In 2004, college students Eleanor Suzuki and Leena Shah meet in an elevator. Both girls are on the brink of adulthood, each full of possibility and big ideas, and they fall into a whirlwind romance. Years later, Eleanor and Leena collide on the streets of San Francisco. Although grown and changed and each separately partnered, the two find themselves, once again, irresistibly pulled back together.
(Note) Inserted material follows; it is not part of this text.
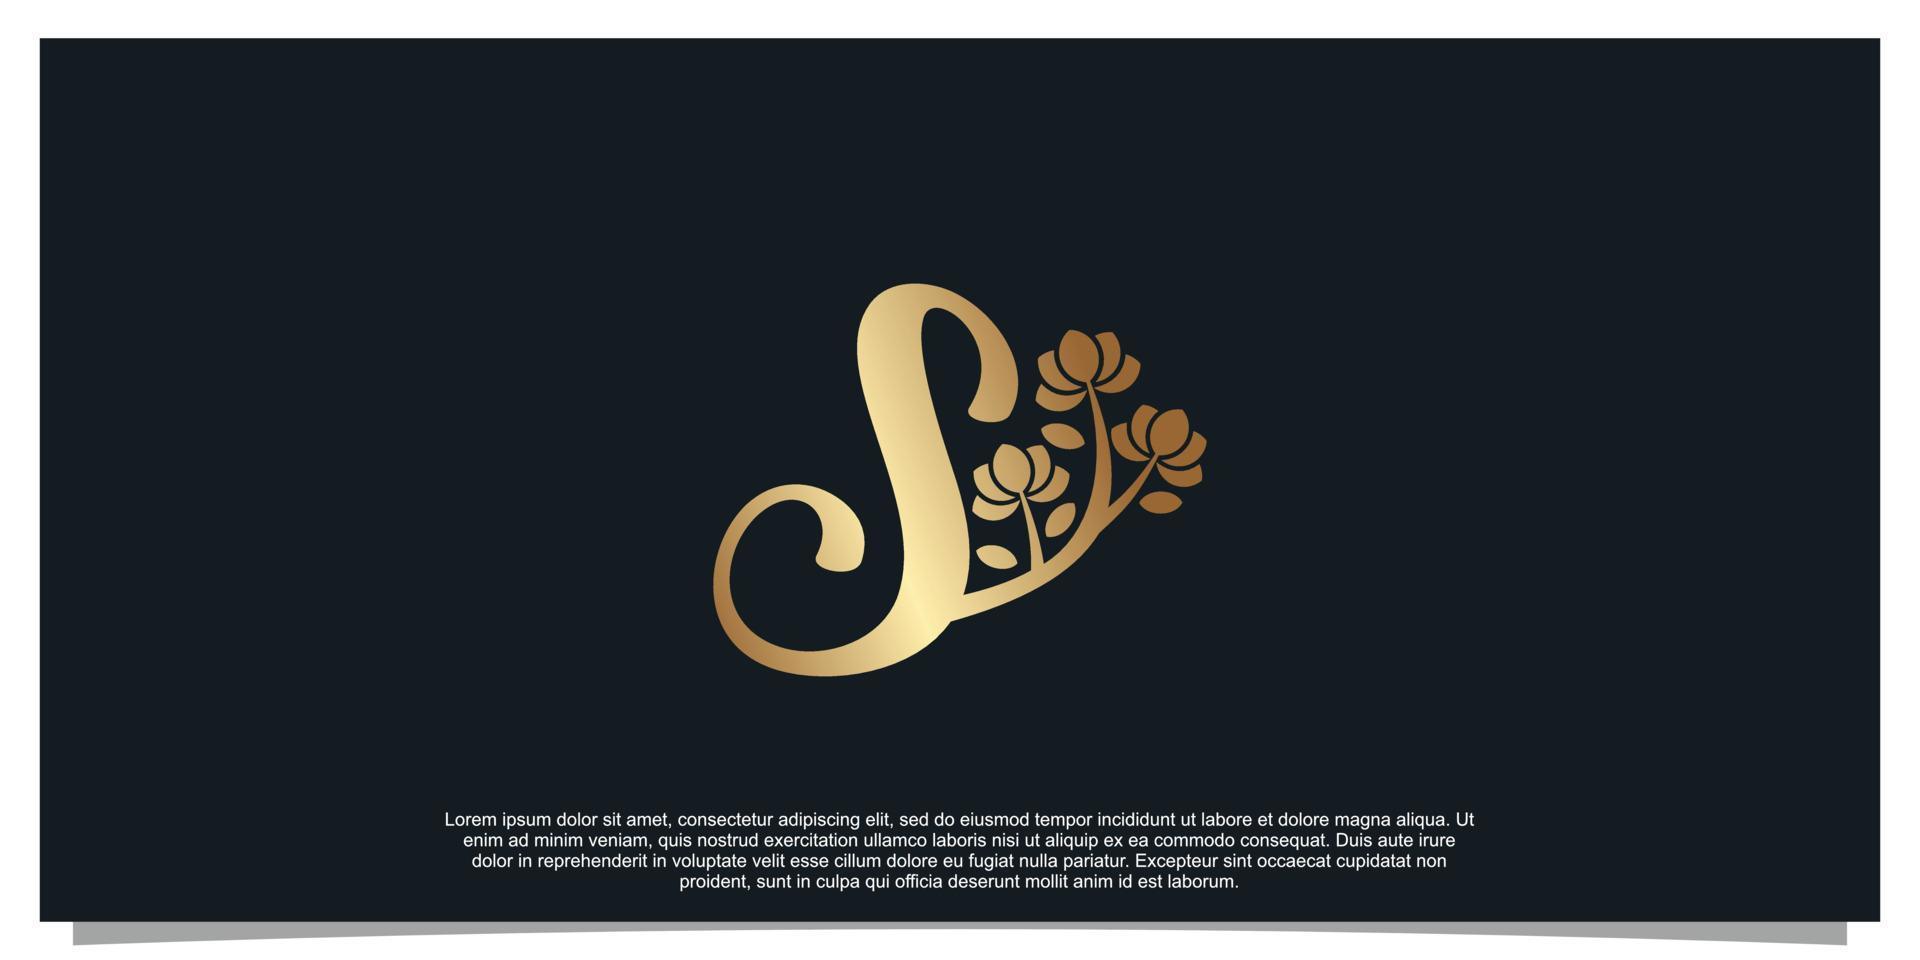 Logo design letter S with flower unique concept Premium Vector

The author taps into a basic truth: the emotional valence of moments that mean the most to us can be indecipherable without an understanding of the broader sweep of lived experience ... A World Between is Hashimoto's remarkable debut novel, a finely constructed, impassioned, and touching love story between two women ... The book's early pages are misleading. Eleanor, from whose perspective the first section is told, is a complex character, both engaging and frustrating ... The reader can't help but shake their head and roll their eyes, screaming inwardly at her childishness and naïveté as we watch the inevitable train wreck of a relationship unfold from miles away ... What the reader eventually realizes is this is no fault of the writer. Hashimoto has done a superb job of replicating the shifting emotional and psychological states of her protagonists over the nearly 15-year span of her story ... The social and political backdrop to the narrative is finely constructed as well ... a superb, captivating read, and a remarkable accomplishment for a first novel. It's fun, provocative, and doesn't shy away from cultural complexity.
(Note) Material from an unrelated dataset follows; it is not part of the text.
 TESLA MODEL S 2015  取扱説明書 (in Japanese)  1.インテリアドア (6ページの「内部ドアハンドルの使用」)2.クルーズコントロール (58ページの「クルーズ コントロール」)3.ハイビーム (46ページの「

I’ve never been much of a fan of romance novels or novels about relatively privileged young people making their way in the big city, but this is a coming of age romance novel with some compelling twists. This is a queer multi-racial love story and both women come from complex family histories. These elements shift the novel beyond genre to explore elements that held my interest through the lengthy novel ... despite expectations, the novel provides a twist at the end that again shifts it out of genre and into something stronger and more transcendent.
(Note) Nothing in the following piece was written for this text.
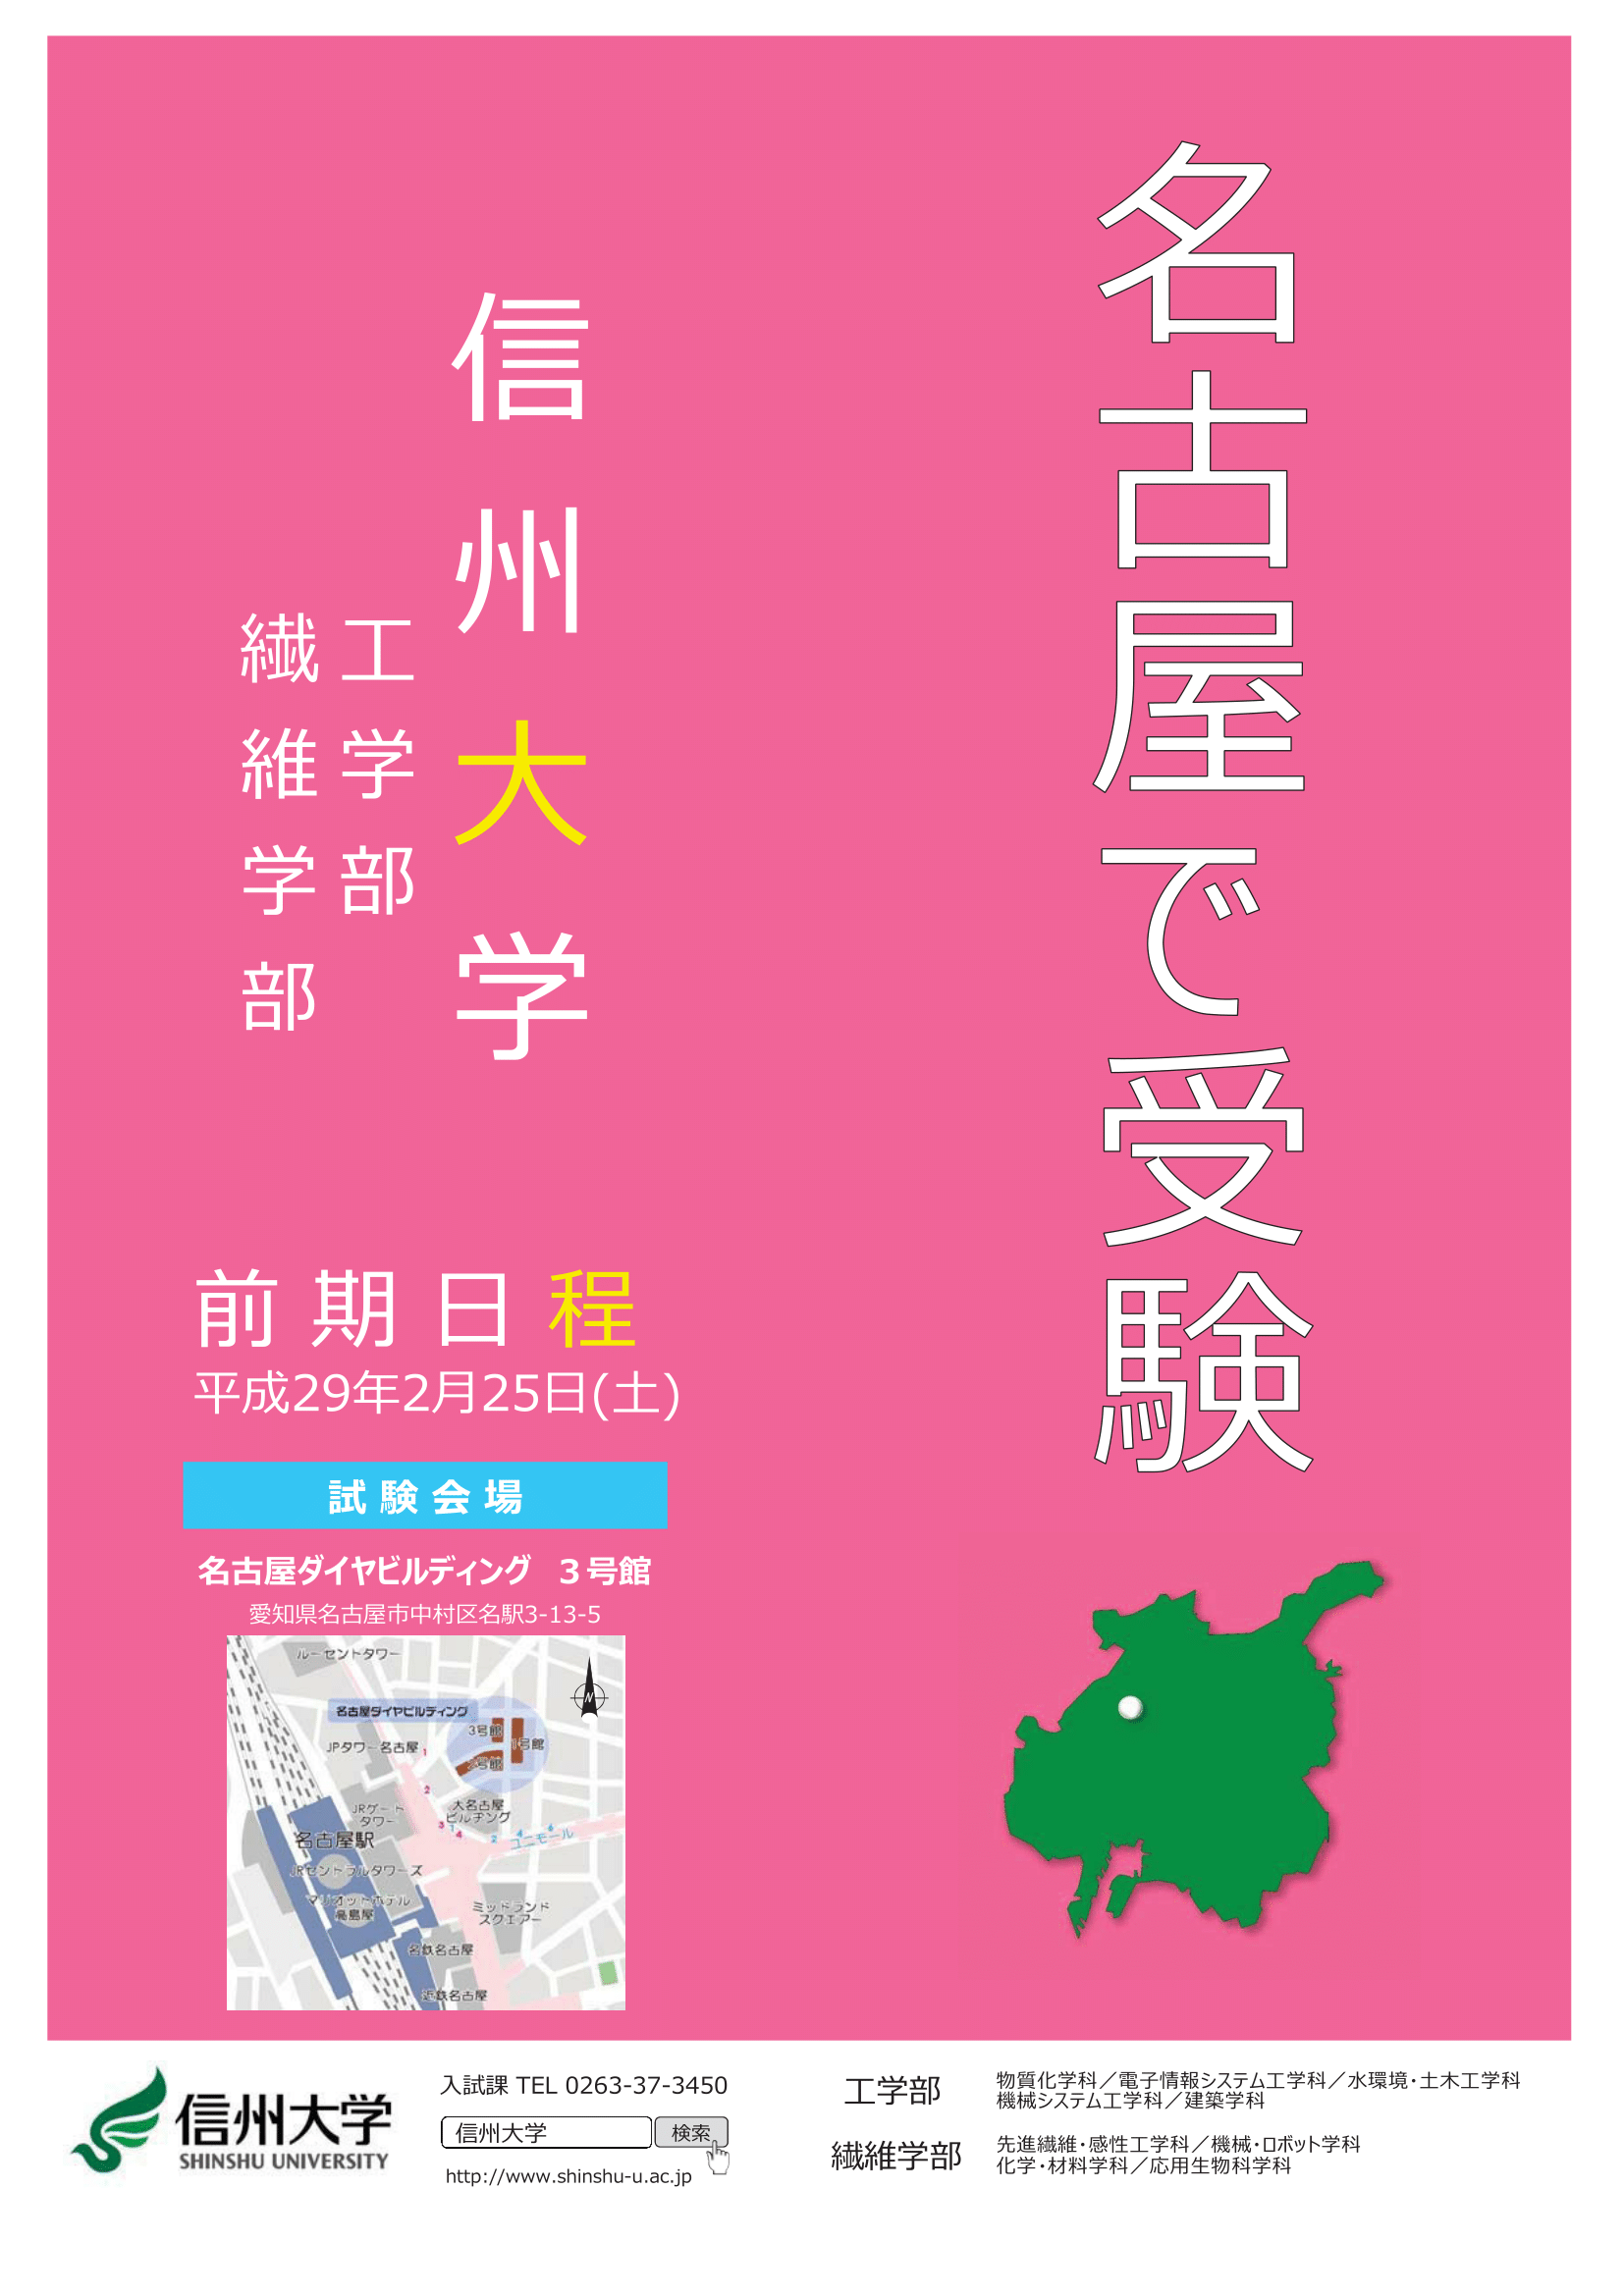 http://www.shinshu-u.ac.jp/faculty/textiles/news/H29nagoya-1.png

There is much to marvel at in this debut. Hashimoto is adept at plotting. She pulls Leena and Eleanor apart with narrative developments that are both unexpected and believable ... Despite these strengths, Leena and Eleanor’s honest, multi-stranded story is let down by the novel’s prose. Hashimoto’s similes fall flat as often as they succeed, and she pushes metaphors too hard ... A World Between’s greatest triumph is capturing the shape, color, and texture of attraction between two women ... The novel’s attempts to reflect America’s diversity and the characters’ progressivism feel as heavy-handed as its metaphors. Although the novel does the crucial literary (and, indeed, human) work of telling the stories of people of color, immigrants, Jews, and other marginalized groups, by the end of the novel, this diversity feels contrived and unrealistic ... Although Hashimoto’s diversity efforts feel manufactured, like a wooden puppet, her depictions of sex have the fluidity and heat of human bodies ... Though hindered by uneven prose, A World Between is a moving portrait of the tensions, joys, and warmth that characterize a relationship between two women.